Oligodendroglioma



Oligodendroglioma


Alexandros D. Polydorides, MD, PhD





Key Facts


Clinical Issues



  • 2-5% of all primary brain tumors, 5-25% of gliomas


  • Most occur in adults, 5-7% arise in infancy/childhood


  • 90% in supratentorial white matter (50-65% frontal)


  • Long symptomatic period (seizures) before diagnosis


  • Slow growing, indolent, but often recur locally


  • Common leptomeningeal or CSF spread


  • Gross total resection, adjuvant chemoradiation



    • 1p/19q deletion: Favorable response, prognosis


  • Resected, well-differentiated lesions: Good prognosis


Image Findings



  • Well circumscribed, heterogeneous, may enhance



    • Hemorrhagic, cystic, calcified


Macroscopic Features



  • Soft, gelatinous, gray-pink, calcified (gritty)


Microscopic Pathology



  • Diffusely infiltrating glioma of cerebral cortex


  • Monomorphic: Round nuclei, small nucleoli


  • Clear perinuclear vacuolization (“halo”)



    • Processing artifact, absent in frozen sections


  • Arborizing microvascular pattern (“chicken wire”)


  • Microcalcifications, microcysts, extracellular mucin


  • Perineuronal satellitosis, subpial aggregates


  • Circumscribed “clones” within tumor


  • Focal “minigemistocytes”: Astrocytic appearing



    • Prominent, eccentric pink cytoplasm


  • Anaplastic oligodendroglioma (WHO grade III)



    • Hypercellularity, atypia, nuclear pleomorphism


    • Increased mitoses, necrosis, vascular proliferation


  • Mixed glioma (oligoastrocytoma)



    • Both astrocytoma, oligodendroglioma components







Axial T2WI MR shows a heterogeneous cortical/subcortical mass image with cystic change image. Despite a circumscribed appearance, oligodendrogliomas have infiltrating margins.






Graphic shows the gross appearance of an oligodendroglioma superficially expanding the cerebral cortex and containing chalky calcifications image and cystic degeneration image.


TERMINOLOGY


Synonyms



  • Malignant = anaplastic oligodendroglioma


Definitions



  • Diffusely infiltrating glioma, mostly in subcortical white matter of cerebral hemispheres, composed of neoplastic cells resembling oligodendrocytes


  • WHO grades: II (well differentiated), III (anaplastic)

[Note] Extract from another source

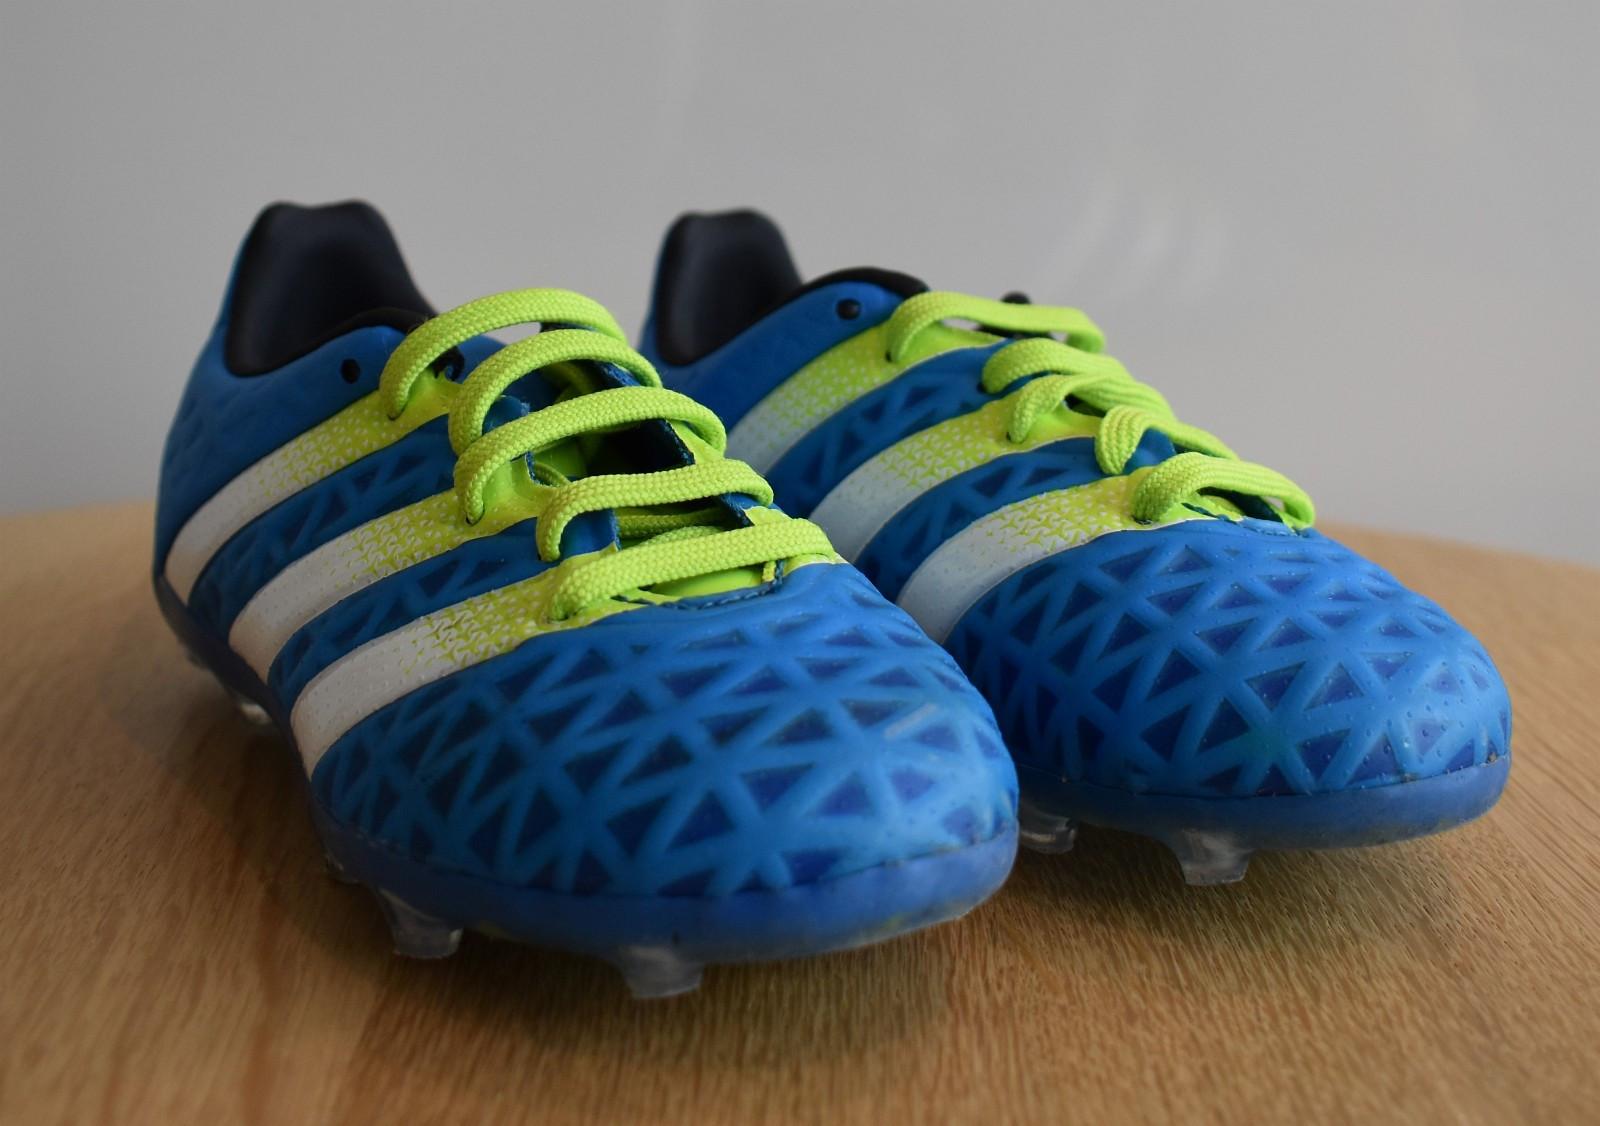 huge discount 74d8e 2ff06 ... order low price knapt brukte fotballsko adidas ace 16.1 fg ag blå grønn  hvit til 28f02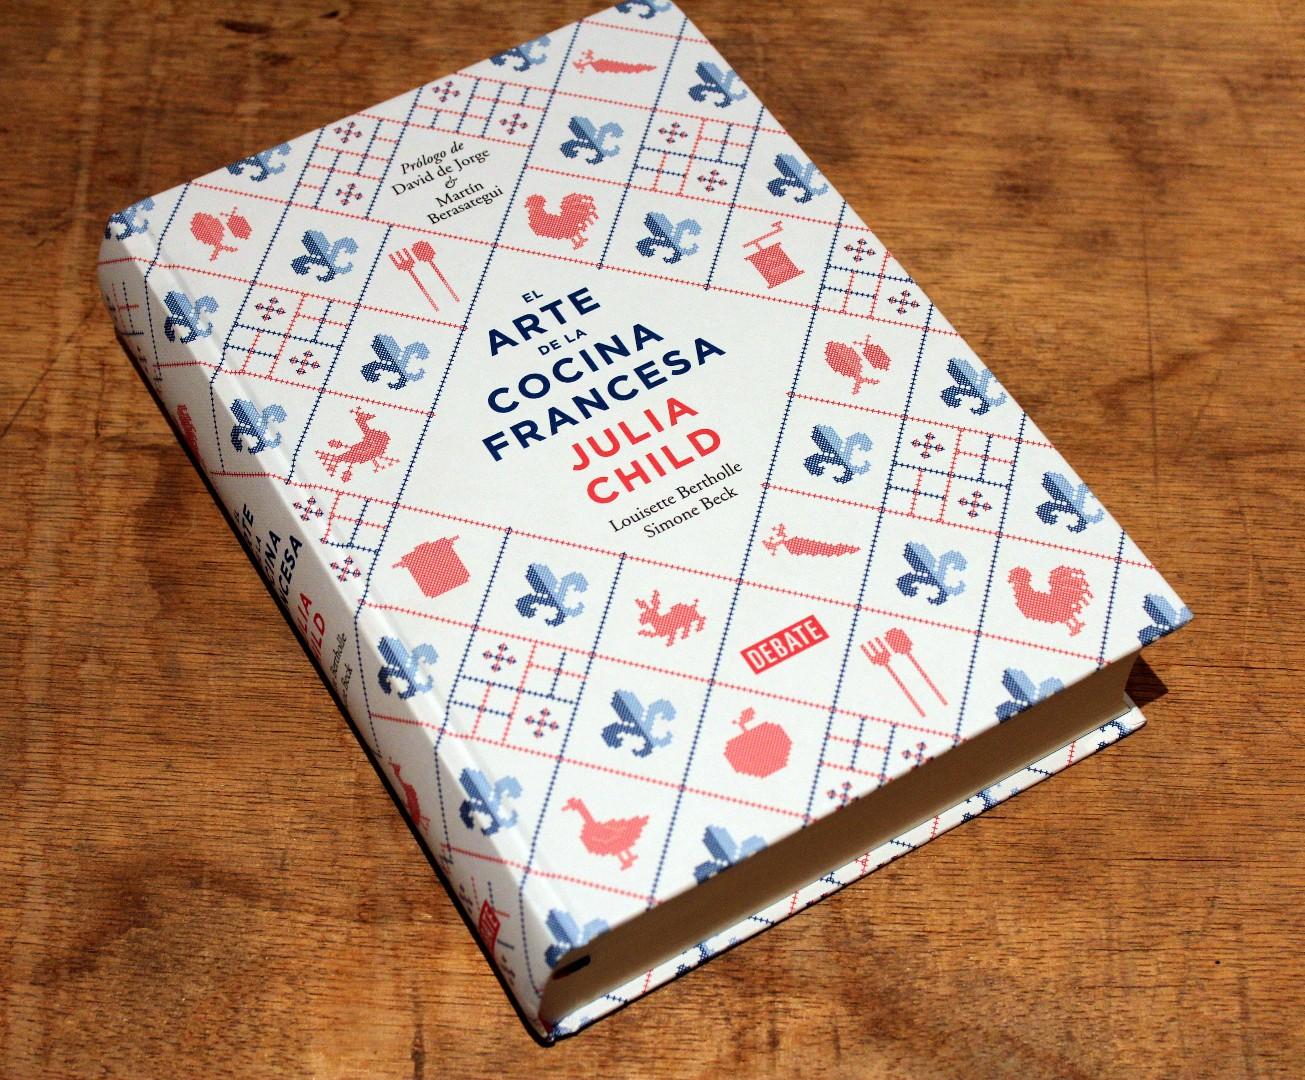 El arte de la cocina francesa recetas de julia child for Tecnicas basicas de cocina libro

  • Chromosome 1p/19q deletion portends better response to chemotherapy and improved prognosis


  • Mixed glioma (oligoastrocytoma): Phenotypic features of both oligodendroglioma and astrocytoma


ETIOLOGY/PATHOGENESIS


Environmental Exposure



  • In rats, induced experimentally with nitrosoureas


  • Human cases reported after prior irradiation


  • Viral sequences (SV40, JC, BK) identified in some cases


Histogenesis



  • Morphologic characteristics suggest transformation of oligodendrocytes, but evidence is circumstantial


  • Originating cell may be immature glial precursor



    • Dedifferentiation of putative bipotential stem cell



      • Oligodendrocyte type 2 astrocyte progenitor


    • May explain occasional immunoreactivity for GFAP


    • Possible common precursor in oligoastrocytoma


  • Oligodendrocytes may be related to neurons



    • Some tumors have neurosecretory-like granules


    • Some staining for Hu protein, NMDA receptor 1


    • Ultrastructural findings suggest distinct neoplasm


Genetics



  • Translocation between chromosomes 1 and 19



    • Results in 1p/19q codeletion


    • Incidence varies (40-90%)



      • Not entirely sensitive or specific


      • May be present in some astrocytomas


    • Corresponding gene mutations not yet identified



      • Several gene candidates exist


  • As yet, undetected point mutations may also exist



    • Occasional reports of familial clustering


  • TP53 mutation generally rare in oligodendrogliomas



    • LOH seen in < 10-15% of cases


    • Virtually mutually exclusive with 1p/19q deletions


  • Mixed glioma histogenesis is unclear



    • In 1 study both components had 1p/19q deletion


CLINICAL ISSUES


Epidemiology



  • Incidence



    • 0.2-0.3 per 100, 000 population annually


    • Approximately 2-5% of all primary brain tumors



      • 5-25% of all intracranial gliomas


  • Age



    • Most occur in adults



      • Peak in 4th-6th decade; mean age: 40-45 years


      • Infratentorial lesions tend to occur slightly earlier


    • 5-7% arise in infancy/childhood


  • Gender



    • Variable, slight male preponderance (3:2 to 2:1)


Site



  • Throughout neuraxis, mostly in cerebral hemispheres



    • 90% in supratentorial white matter


    • 50-65% involve frontal lobe


    • Remaining lobes: Temporal > parietal > occipital


    • 50% involve multiple lobes, 20% bilateral


  • Rare lesions in cerebellum, brainstem


  • Unusual spinal/leptomeningeal lesions in children


Presentation



  • Long symptomatic period (1-5 years) before diagnosis


  • Seizures (epileptic), may also be focal/localizing



    • Due to diffuse involvement of cerebral cortex


  • Focal neurologic deficits



  • Increased intracranial pressure, headache



    • Larger posterior fossa lesions (obstruction)


Natural History



  • Most are generally slow growing, indolent


  • Local recurrence is most common cause of death



    • Relapse less likely in lesions with 1p/19q deletion


  • Malignant progression (dedifferentiation) may occur



    • Less commonly than in astrocytomas


  • Leptomeningeal or CSF spread is common (1-14%)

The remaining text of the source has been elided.